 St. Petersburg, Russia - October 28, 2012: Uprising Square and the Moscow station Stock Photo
★ ★ ★ ★ ★
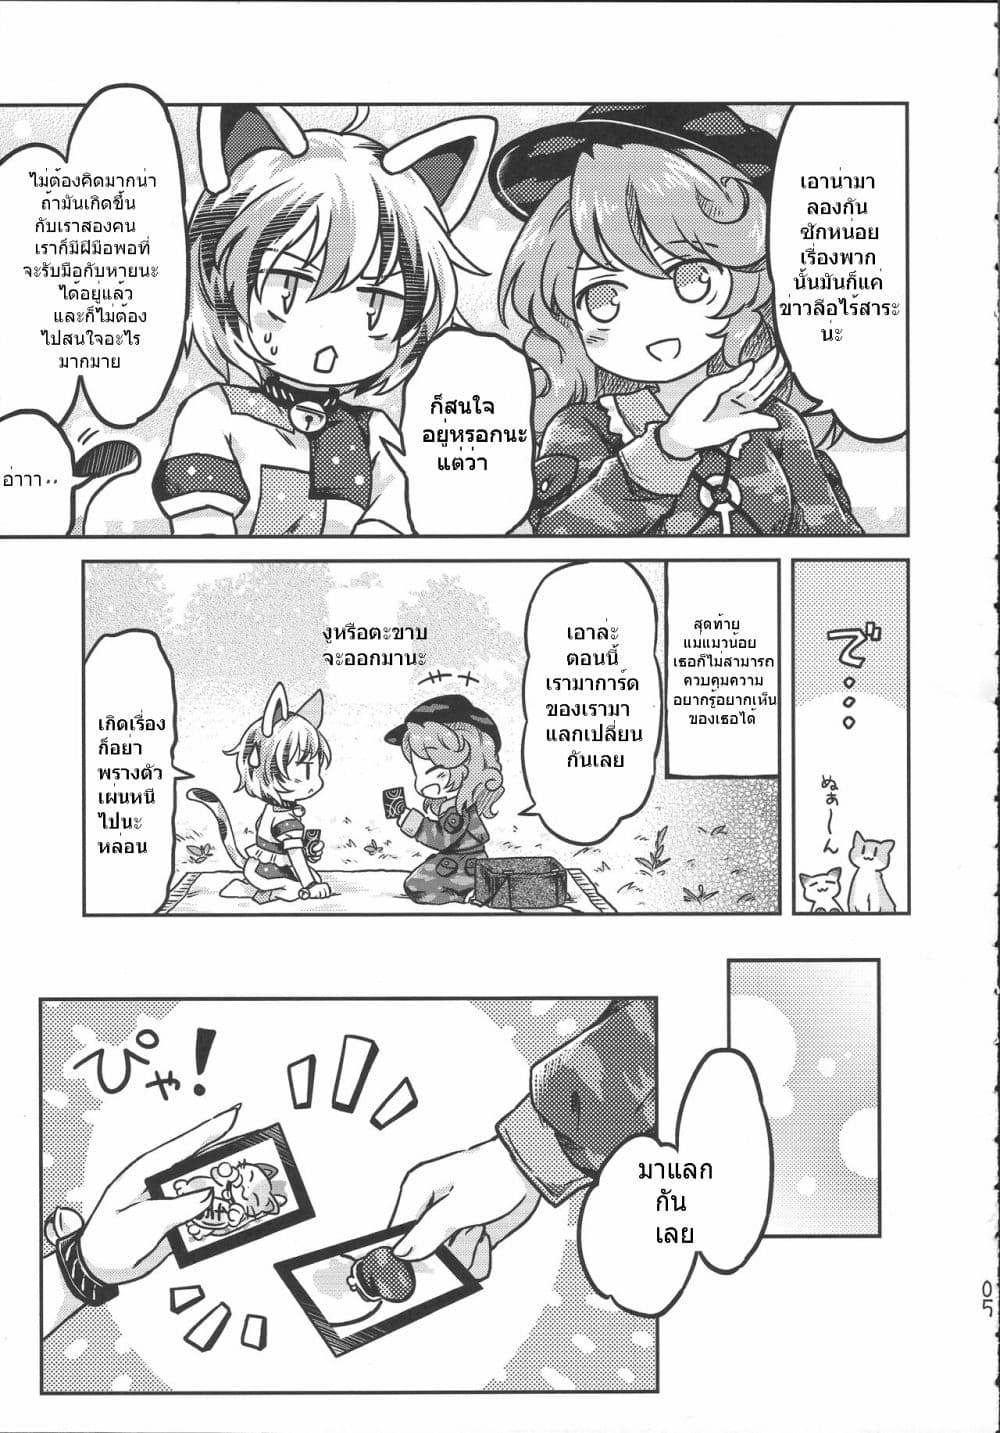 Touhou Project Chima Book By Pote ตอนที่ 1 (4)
★ ★ ★ ★ ★
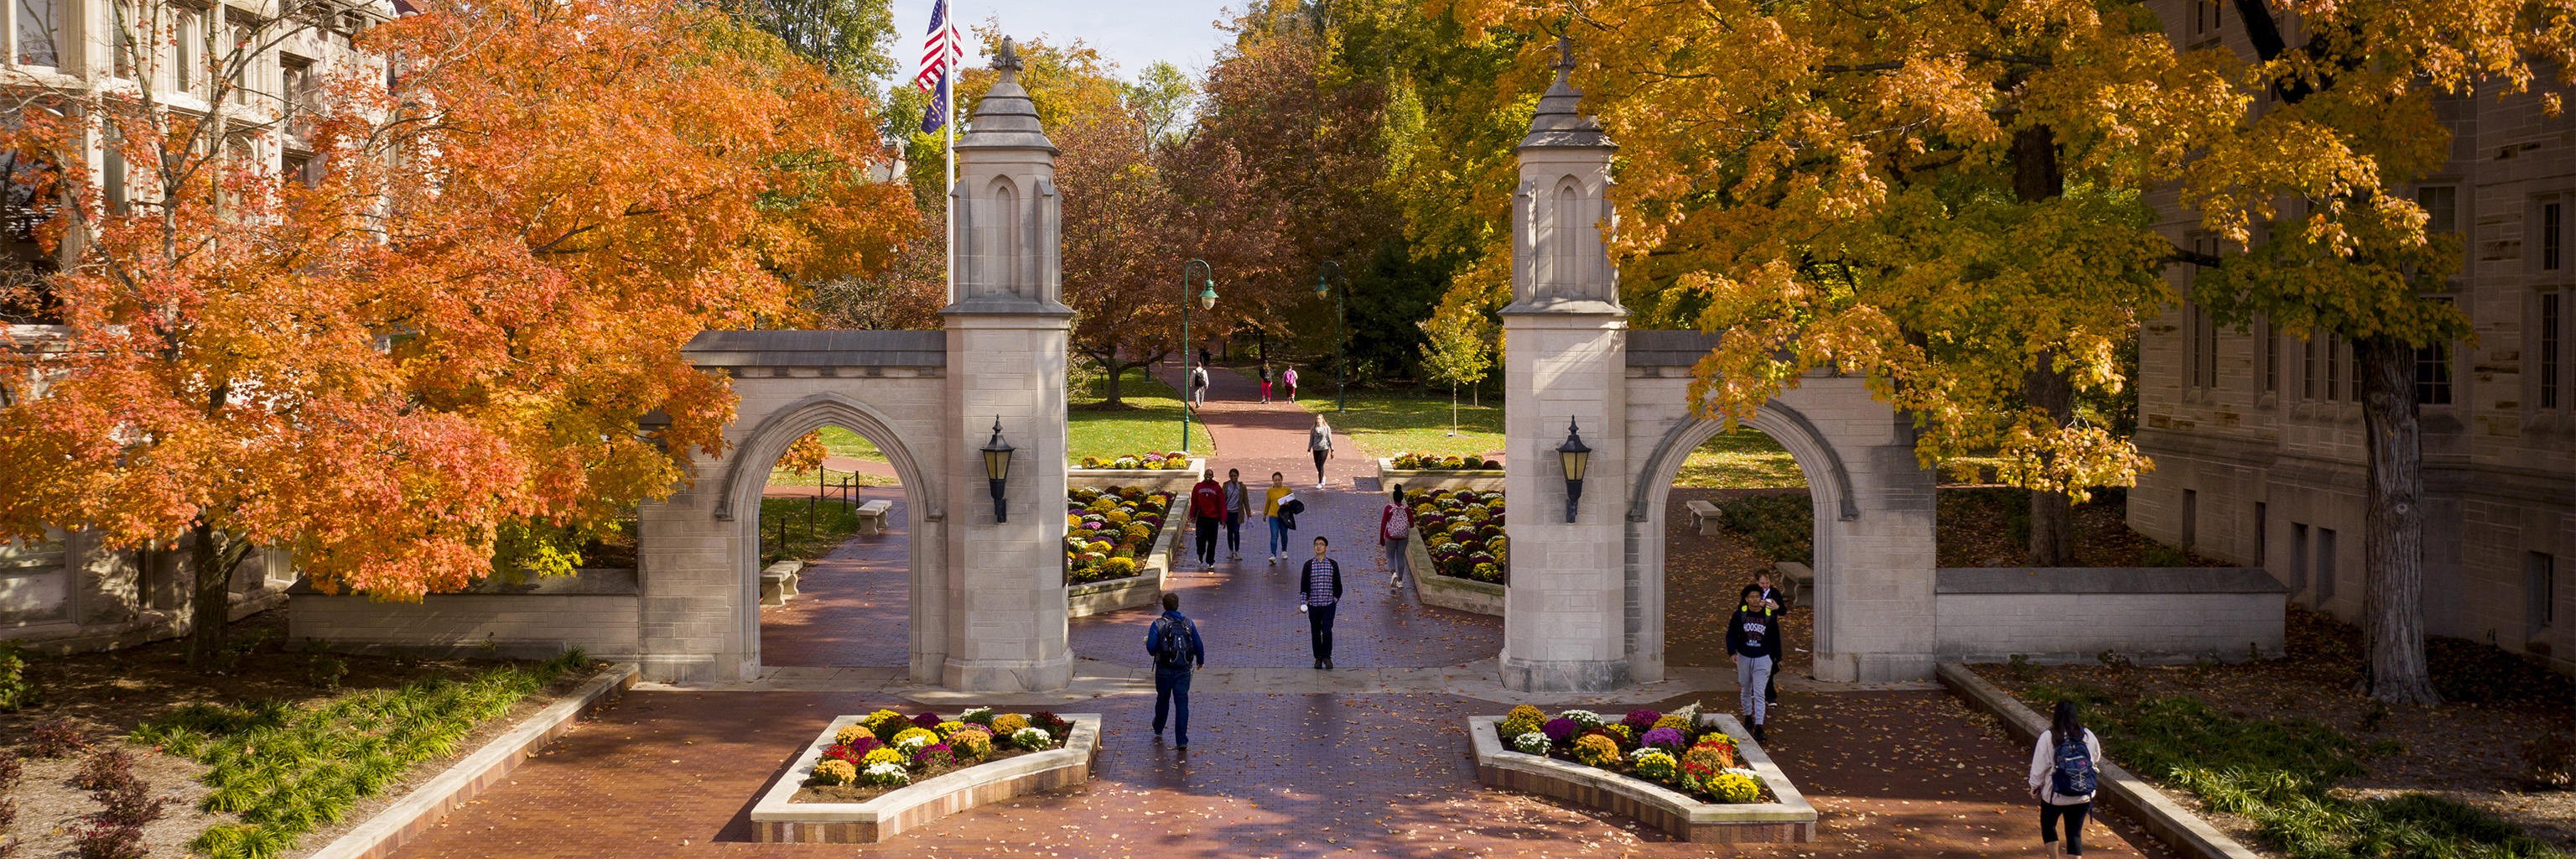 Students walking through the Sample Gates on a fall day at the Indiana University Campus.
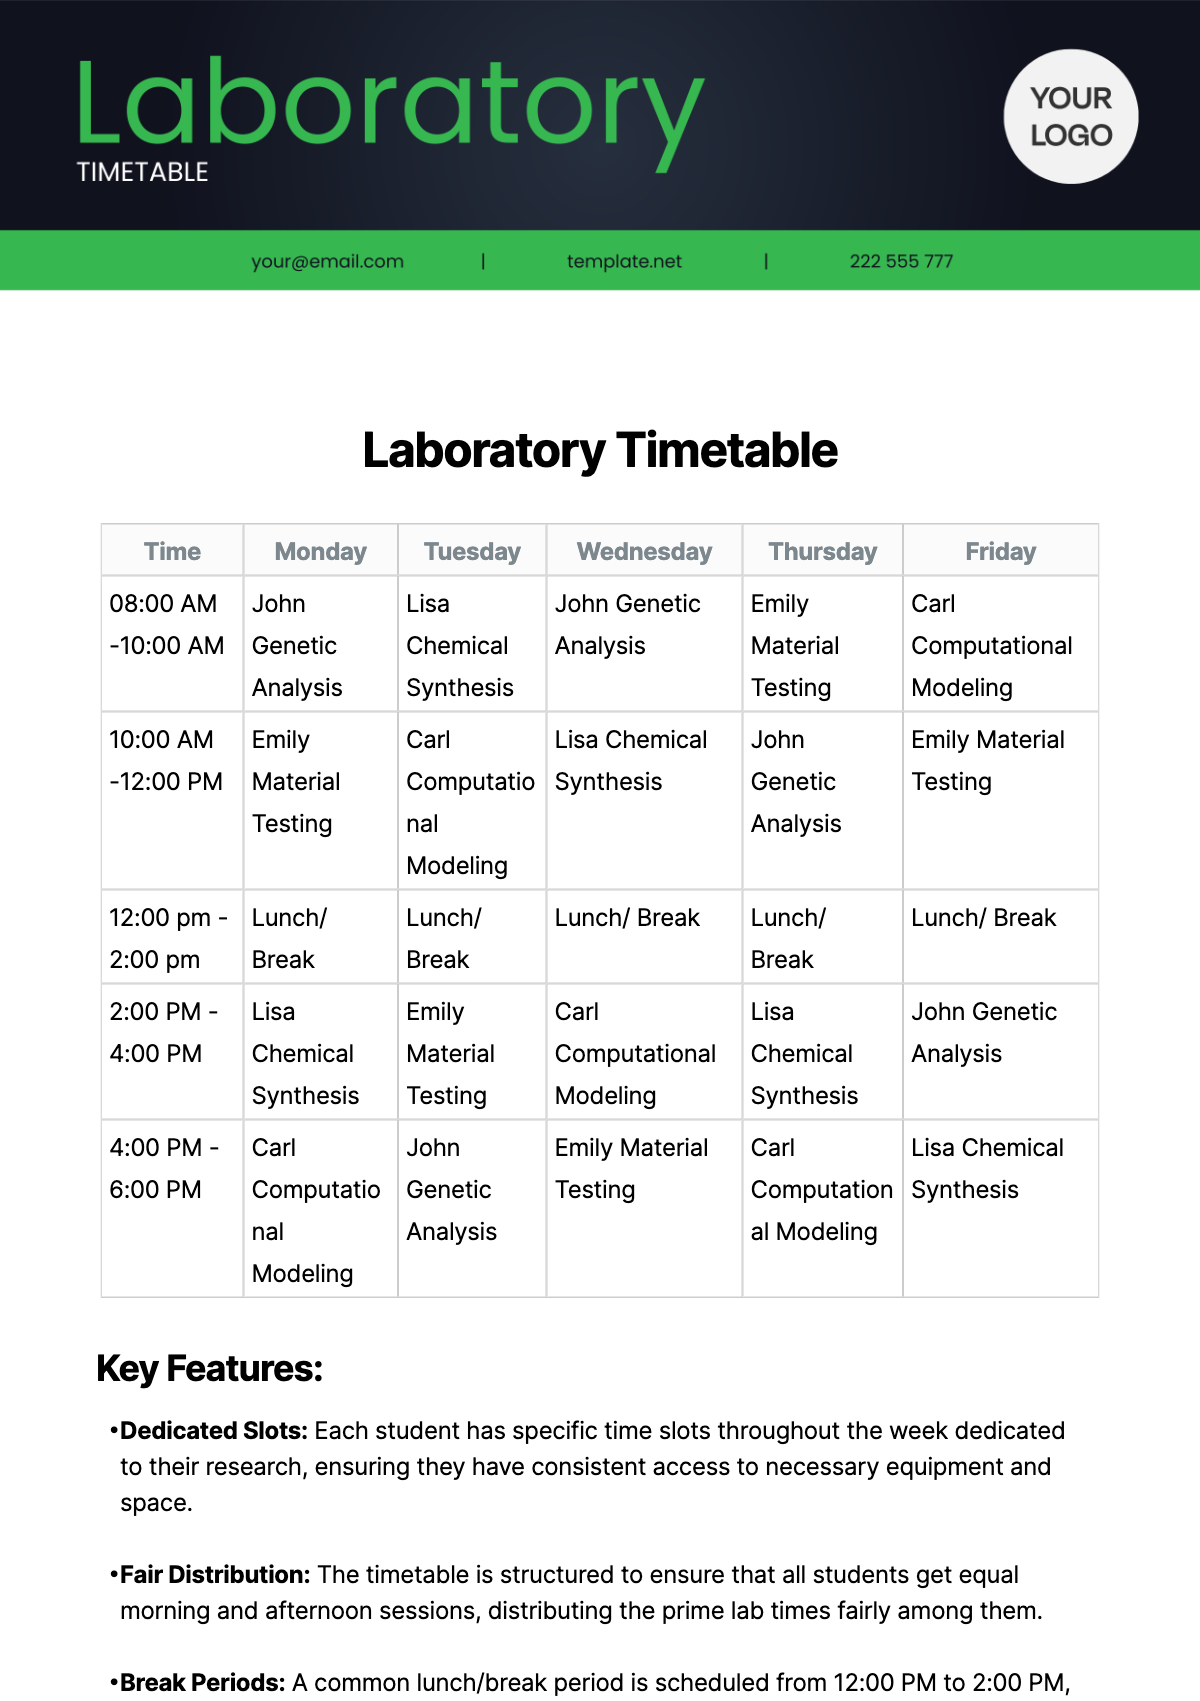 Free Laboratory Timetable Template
★ ★ ★ ★ ★
In the listing above, find the line with "Students walking through" and the line with "Free Laboratory Timetable Template". Transcribe those two and everything between, exactly, leaving out pictures.

 Students walking through the Sample Gates on a fall day at the Indiana University Campus.
 Free Laboratory Timetable Template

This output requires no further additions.